Pour enquêter, Perlis et ses collègues ont examiné les réponses de 15 464 adultes des 50 États américains et de Washington, DC, qui ont répondu à une enquête en ligne entre mai et juillet 2021 qui comprenait des déclarations liées aux vaccins COVID-19 après avoir répondu à un questionnaire qui mesurait les symptômes dépressifs.

L’équipe a découvert que les niveaux de dépression sont au moins trois fois plus élevés qu’avant la pandémie de COVID-19. Les participants présentant des symptômes dépressifs majeurs modérés ou plus importants sur le questionnaire initial étaient plus susceptibles d’approuver au moins une des quatre fausses déclarations concernant les vaccins COVID-19 lors de l’enquête ultérieure, et ceux qui ont approuvé ces déclarations étaient moins susceptibles d’être vaccinés. Plus précisément, la présence de dépression était associée à une probabilité 2,2 fois plus élevée d’approuver la désinformation, et les répondants approuvant au moins une déclaration de désinformation étaient deux fois moins susceptibles d’être vaccinés et 2,7 fois plus susceptibles de signaler une résistance aux vaccins.

Perlis et ses collègues ont également analysé les données du sous-ensemble de 2 809 répondants qui ont répondu à une enquête ultérieure deux mois plus tard. Ceux qui souffraient de dépression dans la première enquête étaient deux fois plus susceptibles que ceux sans dépression d’approuver Suite désinformation que lors de l’enquête précédente.
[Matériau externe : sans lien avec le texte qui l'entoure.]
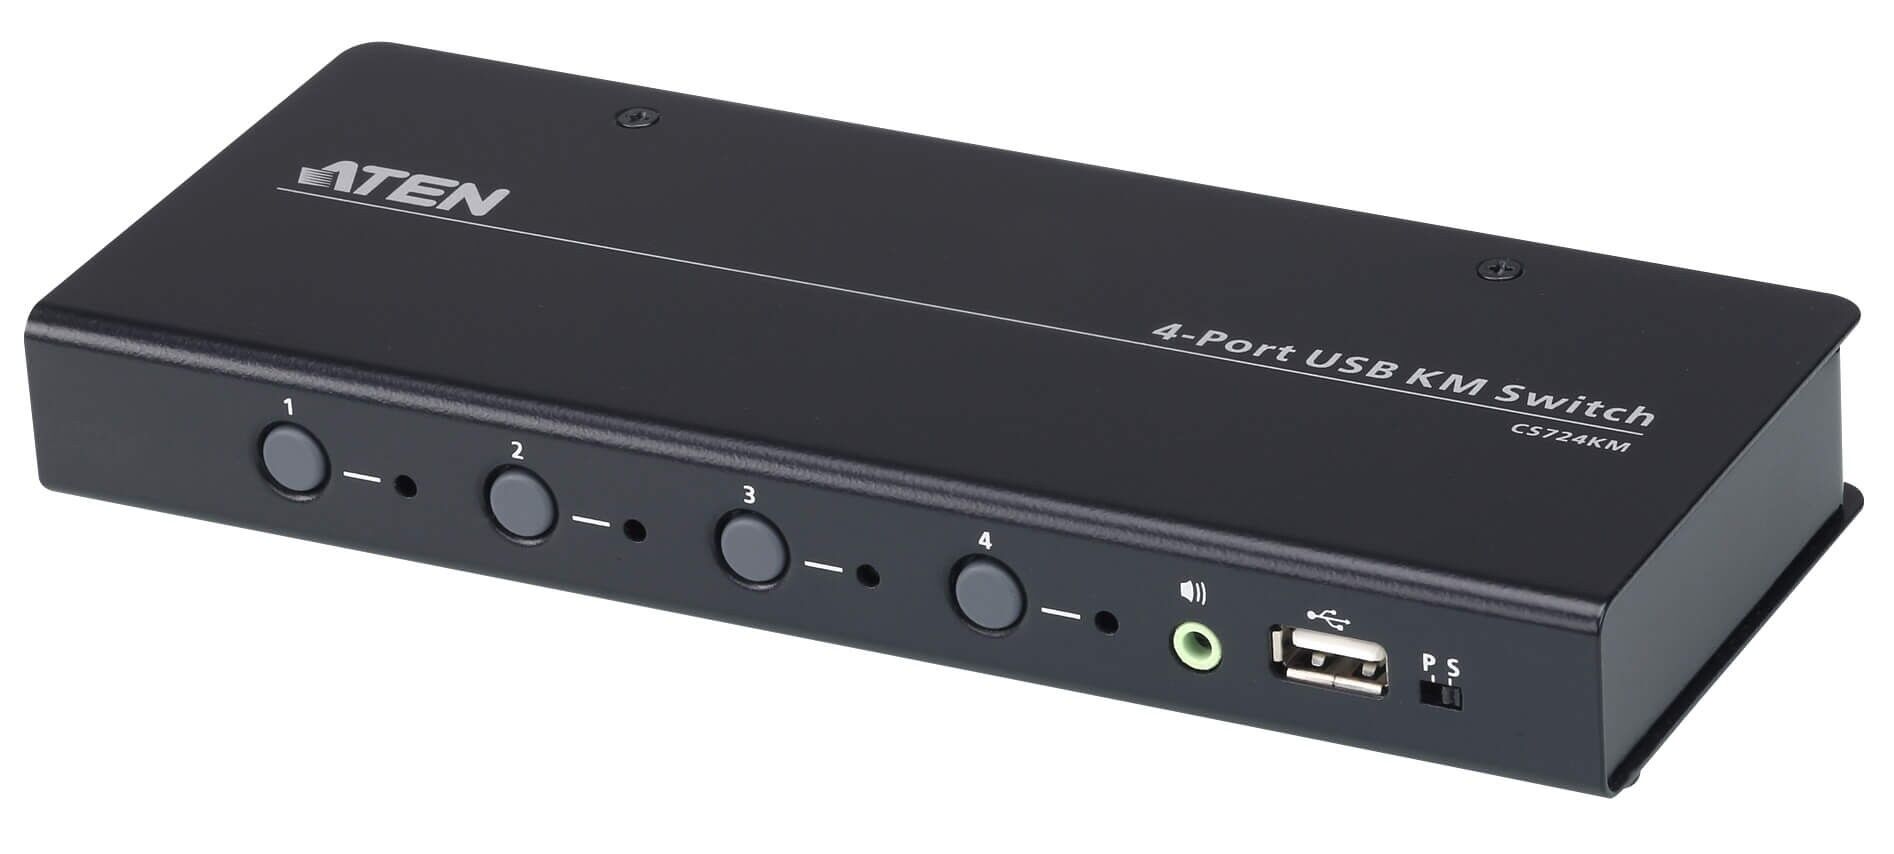 Aten Switch KM USB a 4 porte illimitato con Cavi, CS724KM

“Bien que nous ne puissions pas conclure que la dépression a causé cette susceptibilité, l’examen d’une deuxième vague de données nous a au moins dit que la dépression est venue avant de la désinformation. Autrement dit, ce n’était pas que la désinformation rendait les gens plus déprimés », note Perlis. Parce que l’étude comprenait également des questions sur les médias sociaux et les sources d’information, les enquêteurs ont également pu exclure la possibilité que l’effet de la dépression soit le résultat d’obtenir des nouvelles de différents endroits. Ils ont également constaté que l’effet ne se limitait pas aux personnes ayant des convictions politiques particulières ou aux membres de groupes démographiques particuliers.
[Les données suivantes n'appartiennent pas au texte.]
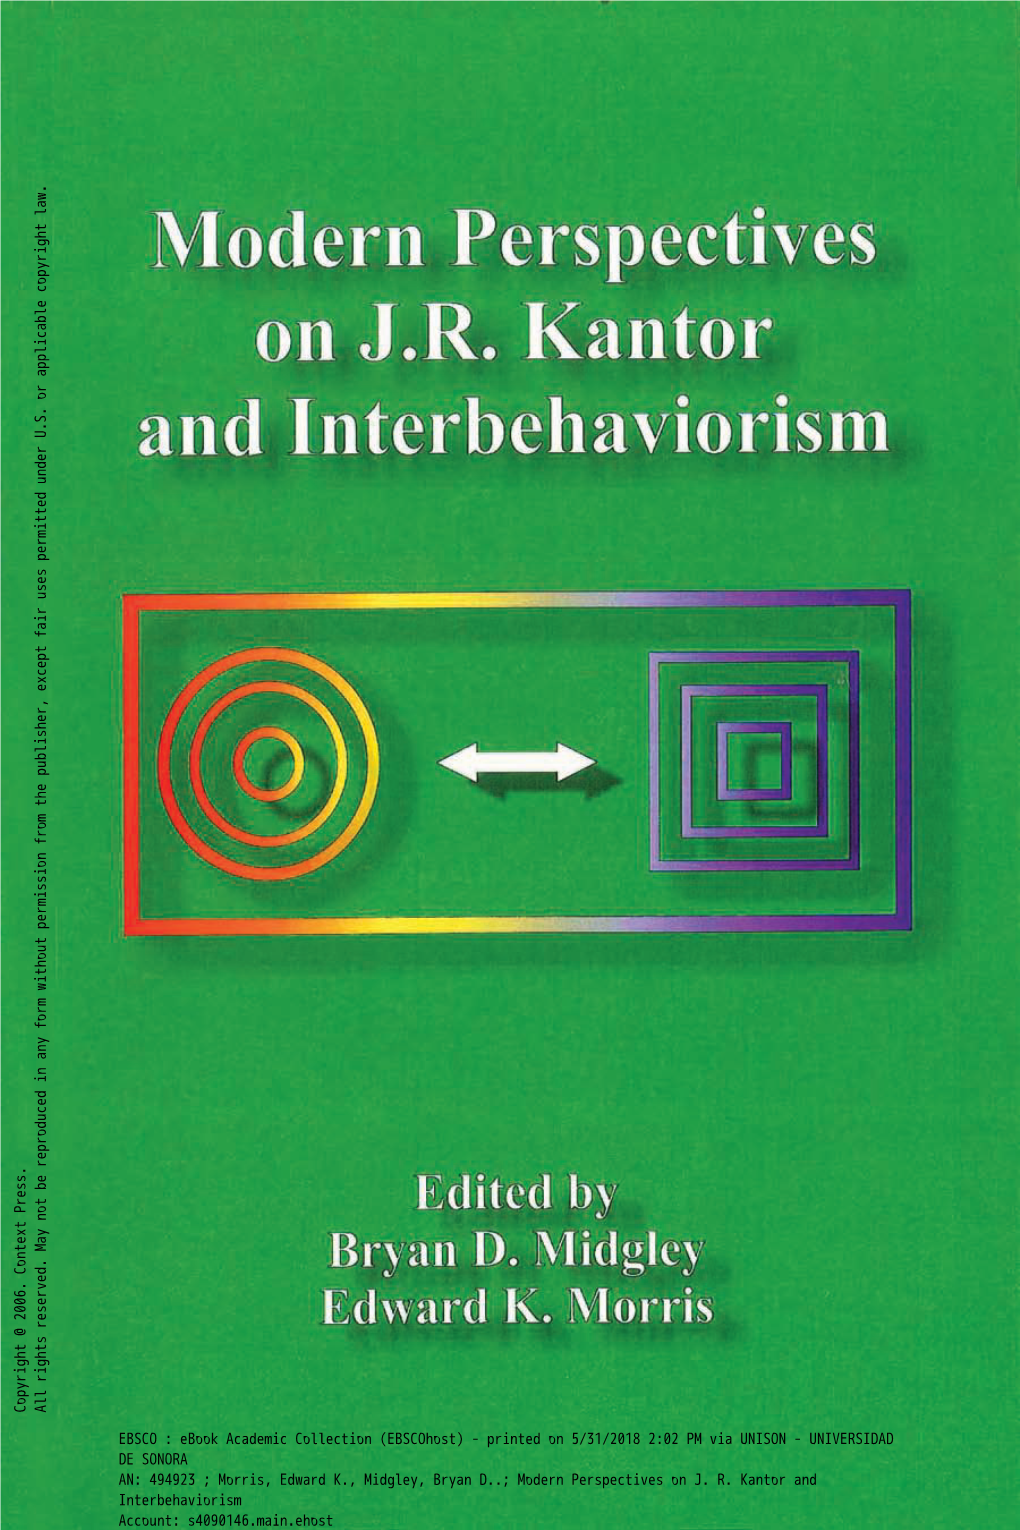 Modern Perspectives on JR Kantor and Interbehaviorism

Les chercheurs notent que les résultats fournissent une motivation supplémentaire pour s’assurer que les gens ont accès à un traitement pour la dépression et l’anxiété. “Notre résultat suggère qu’en s’attaquant aux niveaux extrêmement élevés de dépression dans ce pays pendant le COVID, nous pourrions réduire la sensibilité des gens à la désinformation”, déclare Perlis. “Bien sûr, nous ne pouvons montrer qu’une association – nous ne pouvons pas montrer que la dépression causesla susceptibilité, mais c’est certainement suggestif que ce pourrait être le cas.

Perlis souligne que les résultats ne blâment en aucun cas la désinformation sur les personnes souffrant de dépression, mais suggèrent plutôt que la dépression peut rendre les gens plus vulnérables à croire à cette désinformation.

Les co-auteurs incluent Katherine Ognyanova, PhD, Mauricio Santillana, PhD, Jennifer Lin, BA, James Druckman, PhD, David Lazer, PhD, Jon Green, PhD, Matthew Simonson, PhD, Matthew A. Baum, PhD, et John Della Volpe , BA.

Cette étude a été soutenue par la National Science Foundation, le National Institute of Mental Health, la Northeastern University, la Harvard Kennedy School of Government et la Rutgers University.

À propos de l’hôpital général du Massachusetts
Le Massachusetts General Hospital, fondé en 1811, est le premier et le plus grand hôpital universitaire de la Harvard Medical School. le Institut de recherche général de masse mène le plus grand programme de recherche en milieu hospitalier du pays, avec des opérations de recherche annuelles de plus d’un milliard de dollars et comprend plus de 9 500 chercheurs travaillant dans plus de 30 instituts, centres et départements. En août 2021, Mass General a été nommé n ° 5 dans le Nouvelles américaines et rapport mondial liste des “meilleurs hôpitaux d’Amérique”.